BRIEF ▸
Find the line that holds "Terrae - amor in natura", then repeat it and each line below it word for word through the end of the listing, leaving out pictures.

INFORMATION SHOWN ▸
================================

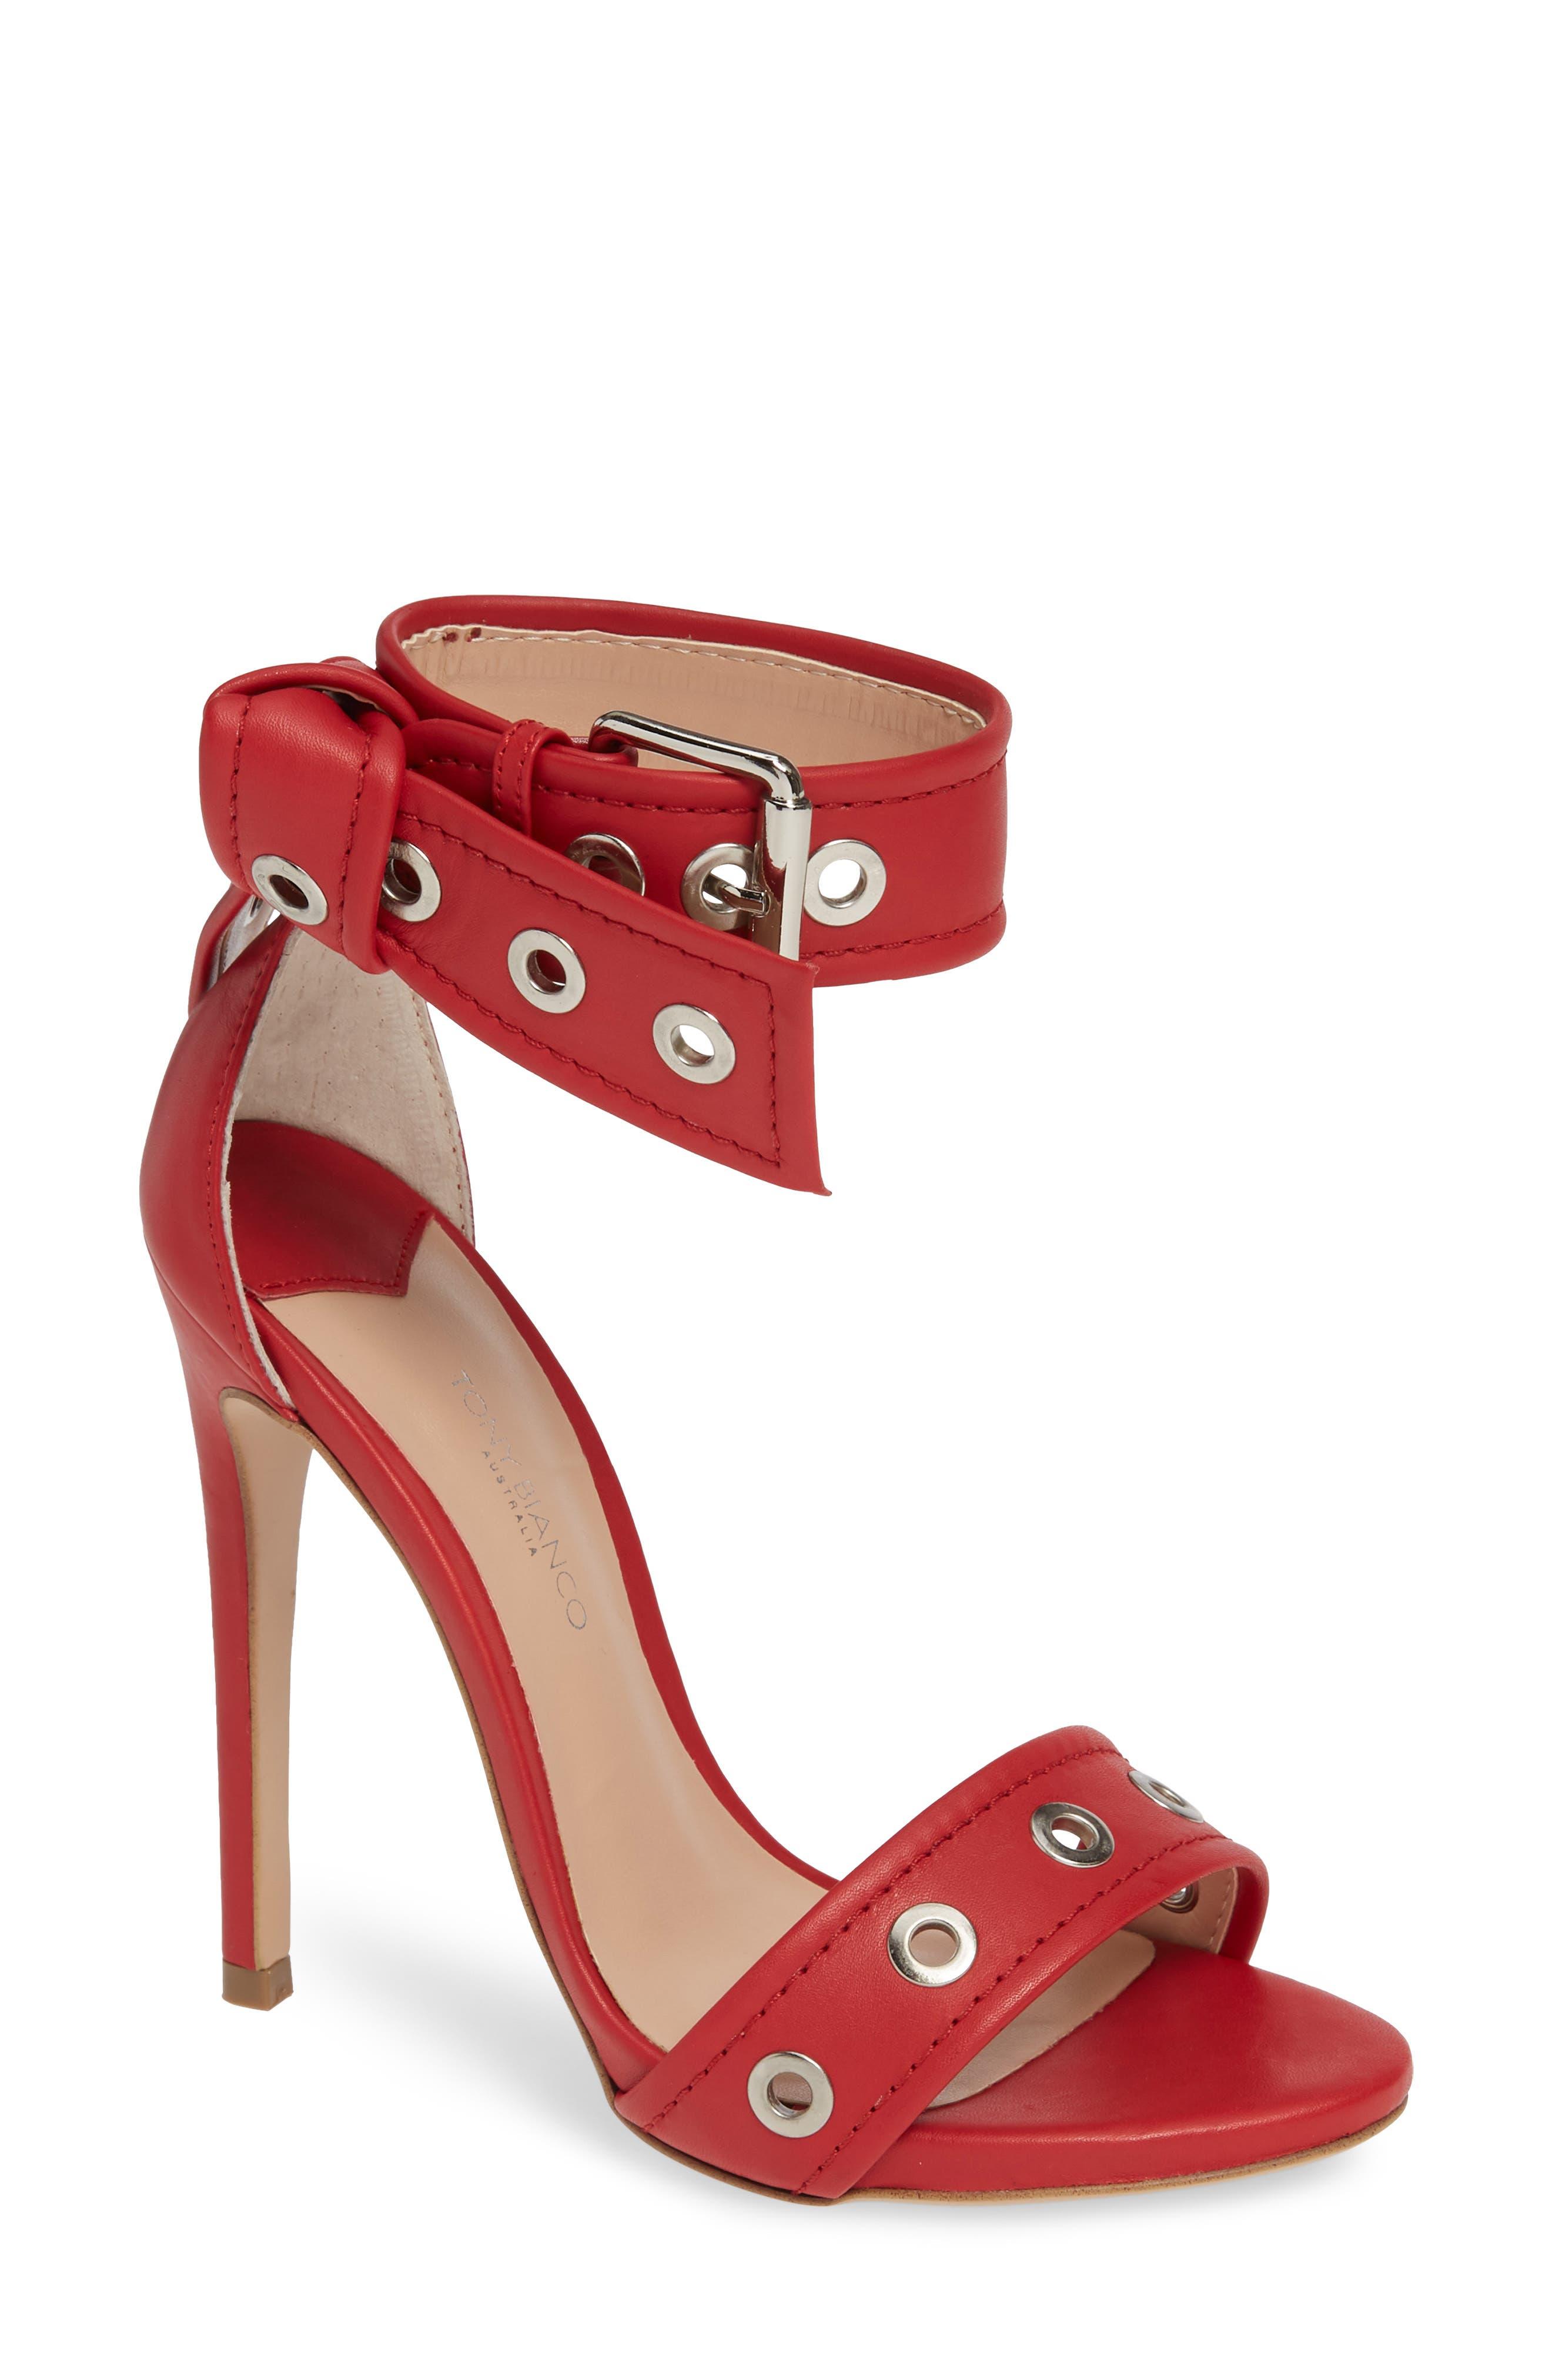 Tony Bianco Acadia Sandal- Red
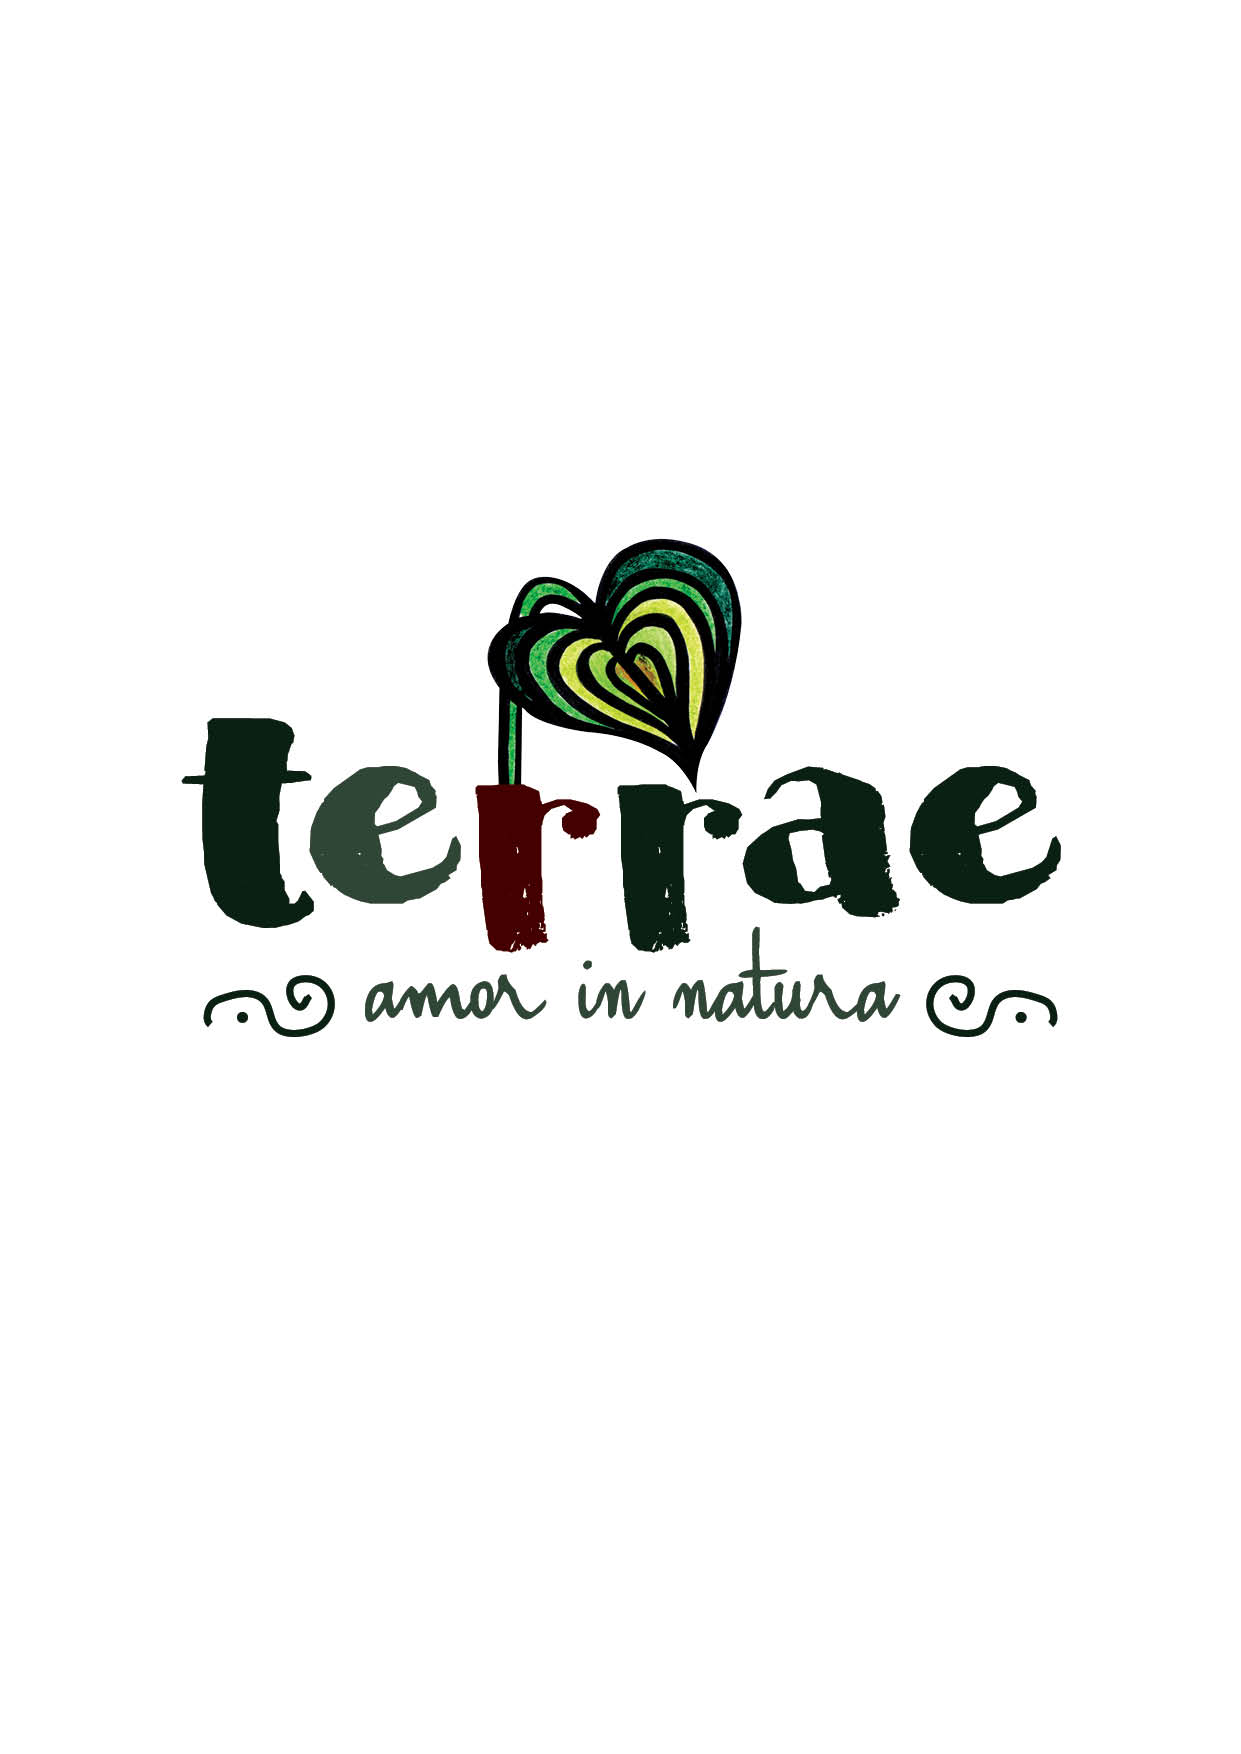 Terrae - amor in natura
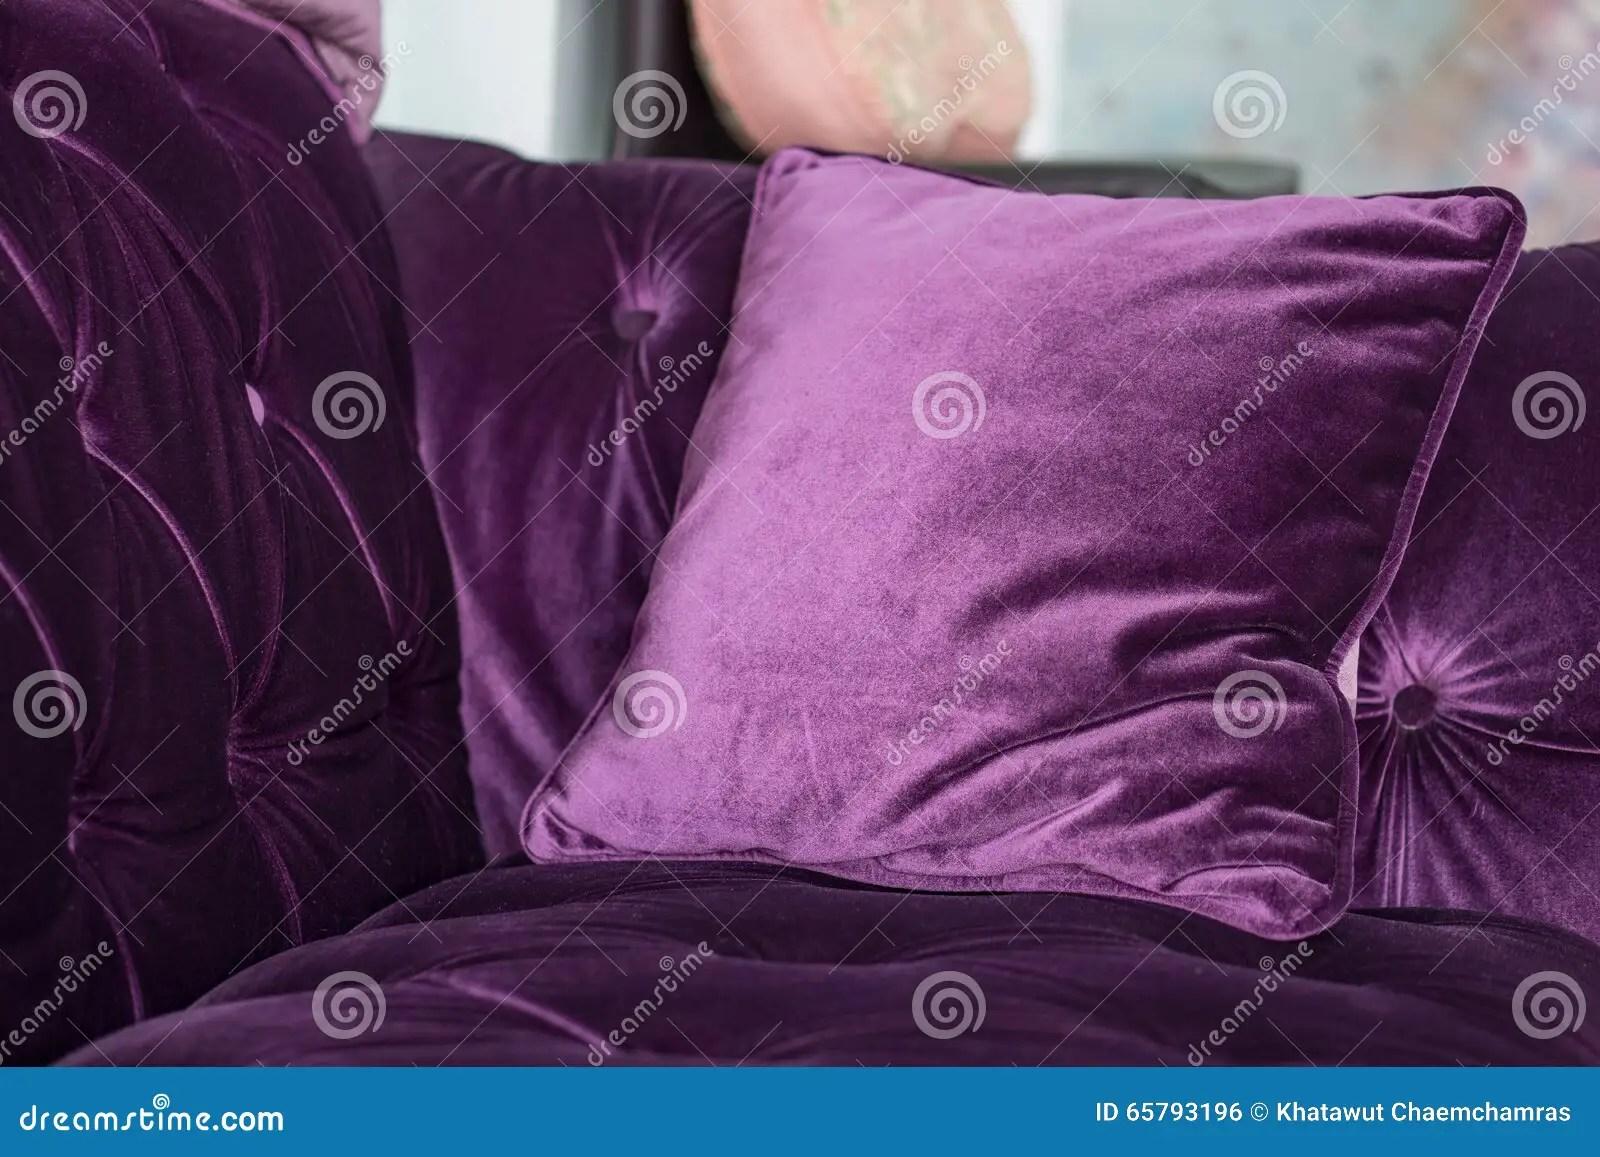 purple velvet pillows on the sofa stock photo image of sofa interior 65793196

================================

RESPONSE BOX ▸
 Terrae - amor in natura
 purple velvet pillows on the sofa stock photo image of sofa interior 65793196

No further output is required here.